For journalistic arrogance and disinformation it is always hard to top
The Economist, which never asks questions but rather simply presumes that, by
definition, it knows.
Such was the case again this week as the magazine's M.C.K. commented
obliviously on the Bundesbank's attempt to
repatriate a little of its gold vaulted abroad.
In a little essay headlined "Monetary Economics with a
Vengeance" --
http://www.economist.com/blogs/freeexchange/2013/01/central-bank-gold-re...
-- The Economist recalls the 1995 movie "Die Hard with a
Vengeance," which involves an attempt to loot and pretend to destroy the
gold held at the Federal Reserve Bank of New York.
"To understand why the threat to destroy the gold was
meaningless," The Economist writes, "it helps to understand what
the inert metal was doing before it was stolen (basically nothing). Yesterday's
statement from the Bundesbank tells you all you
need to know:
"'With this new storage plan, the Bundesbank
is focusing on the two primary functions of the gold reserves: to build trust
and confidence domestically, and the ability to exchange gold for foreign
currencies at gold trading centres abroad within a
short space of time.'
"Gold
reserves are a relatively convenient way to maintain access to foreign
currency in a pinch, but their value is mostly symbolic. For better or worse,
contemporary fiat currency systems do not require bullion in order to
function. What they do require is faith. 'Credit' and 'credible' come from
the same root word, after all. The Bundesbank's
decision suggests that some in Germany are worried about the public's
continued trust in the euro as a currency suitable for conducting
transactions and making investments. That would be a serious problem, to put
it mildly. Moving hundreds of tonnes of a shiny,
rust-resistant metal from a vault in Paris to a vault in Frankfurt could be a
worthwhile decision if it helps secure German acquiescence to Mario Draghi's monetary policies."
Yes, just trust the Bundesbank to calm the
great unwashed; nothing to see here; please move along.
Except, of course, Western central bank gold reserves have not
been doing "basically nothing" and their value is far more than
"mostly symbolic." Rather gold's value is the value of all capital,
labor, goods, and services in the world, because gold determines those
valuations.
Even when central bank gold reserves have been seemingly just sitting
around in their vaults they long have been surreptitiously leased, swapped, collaterized, hypothecated and rehypothecated,
and used for secret intervention in the currency markets, of which the gold
market is a big part, in order to rig those markets in support of currencies
and government bonds and to suppress interest rates.

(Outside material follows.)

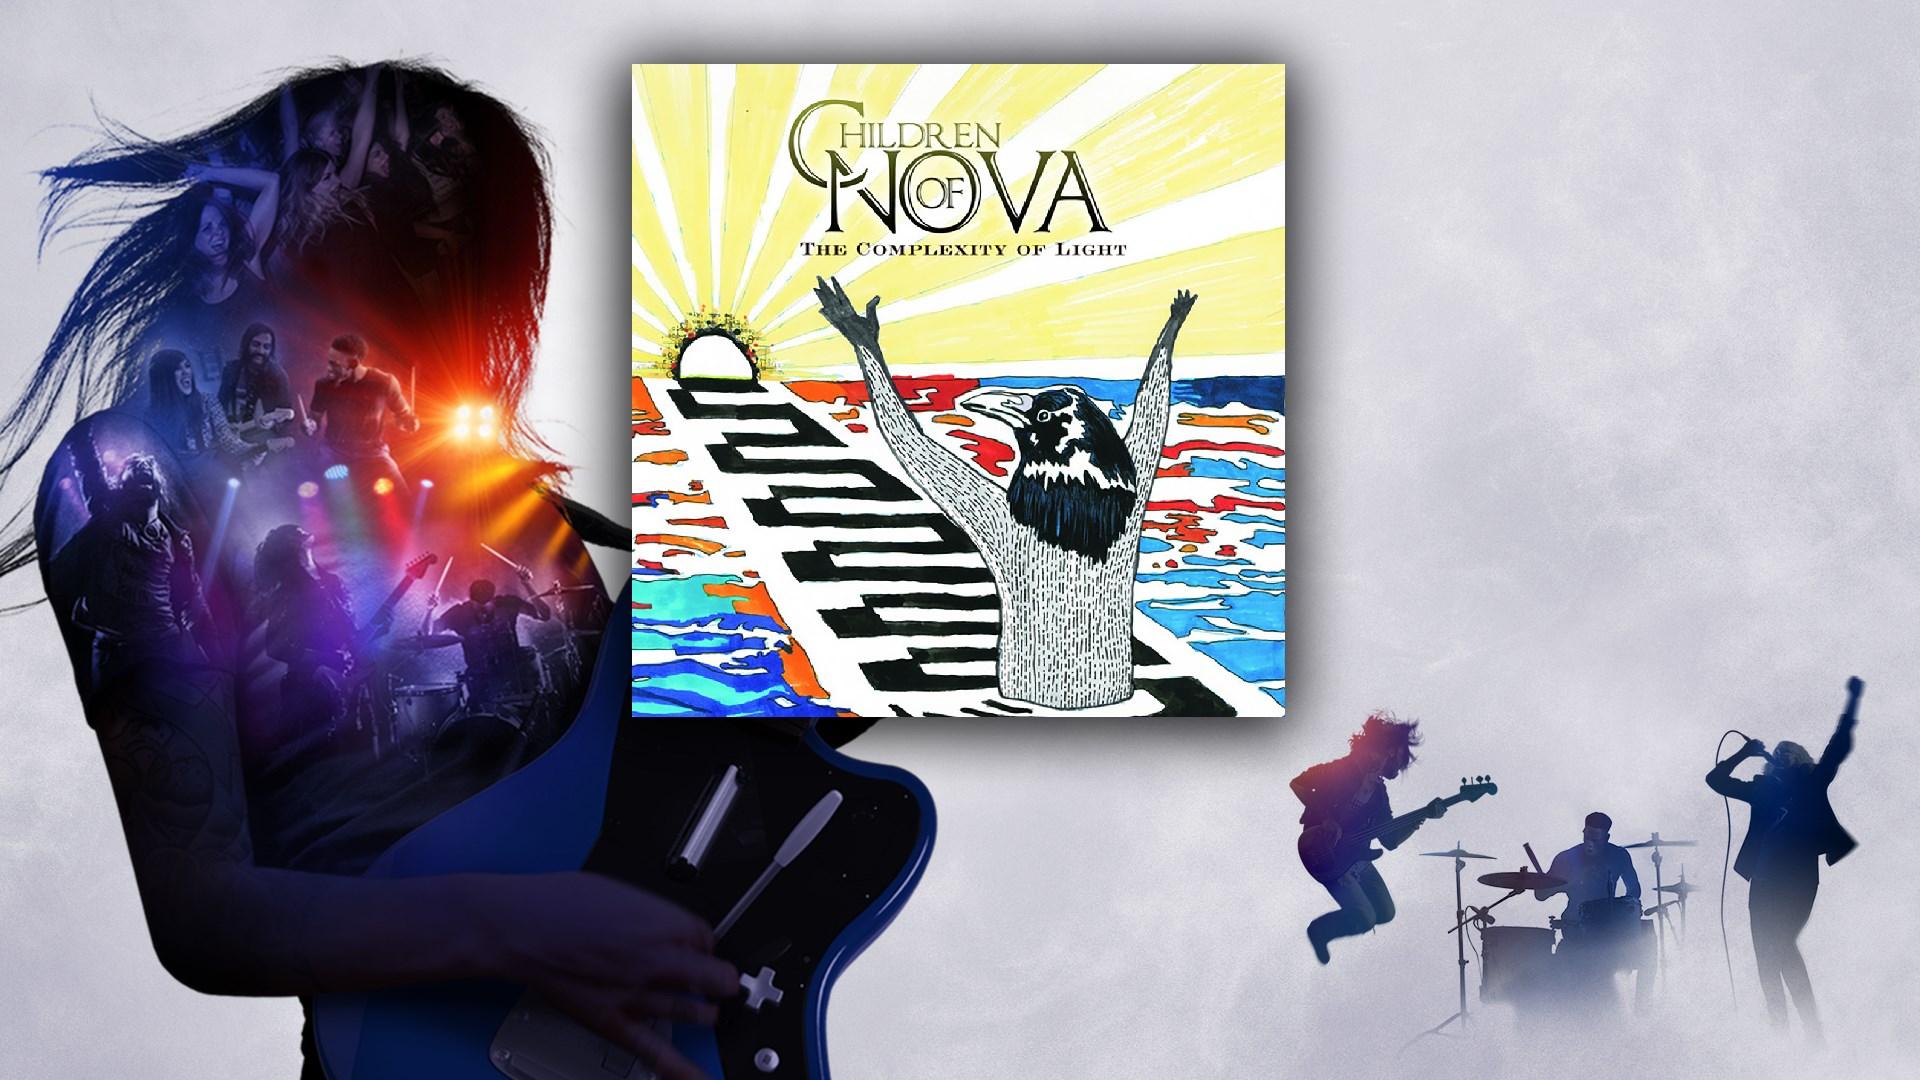 """The Complexity Of Light"" - Children of Nova"

In these arrangements central bank gold reserves likely have been, to
put it politely, overpledged as they have
backstopped the Western fractional-reserve gold banking business. Gold
ideologues like to say that "governments can't print gold," but in
fact they have printed probably thousands of tonnes
of it and much of the world has been ready to accept paper claims to gold
that doesn't actually exist.
Conversion of paper claims to metal that has been overpledged
is likely the story behind the Bundesbank's
tiptoeing away from the gold price suppression scheme.
But The Economist doesn't have to rely on GATA's account of this
scheme. The magazine could always attempt journalism and make its own
inquiries. The magazine could ask Western central banks for an accounting of
their gold swaps and leases and an inspection of their gold accounts at the
Bank for International Settlements, whose main function seems to be to
intervene in the gold market on behalf of its members and which even advertises
its gold market intervention services:
http://www.gata.org/node/11012
Or The Economist could query Western central banks about the
confidential 1999 memorandum prepared by the staff of the International
Monetary Fund reporting that Western central banks object to disclosing their
gold swaps and leases because doing so would impair their secret market
interventions:
http://www.gata.org/node/12016
Each central bank could be asked whether that memorandum applies to it
and whether in the interest of transparency it will make all its gold-related
records available to the public.
Of course The Economist will attempt none of that. It knows everything
without having to ask questions. That's why it's The Economist.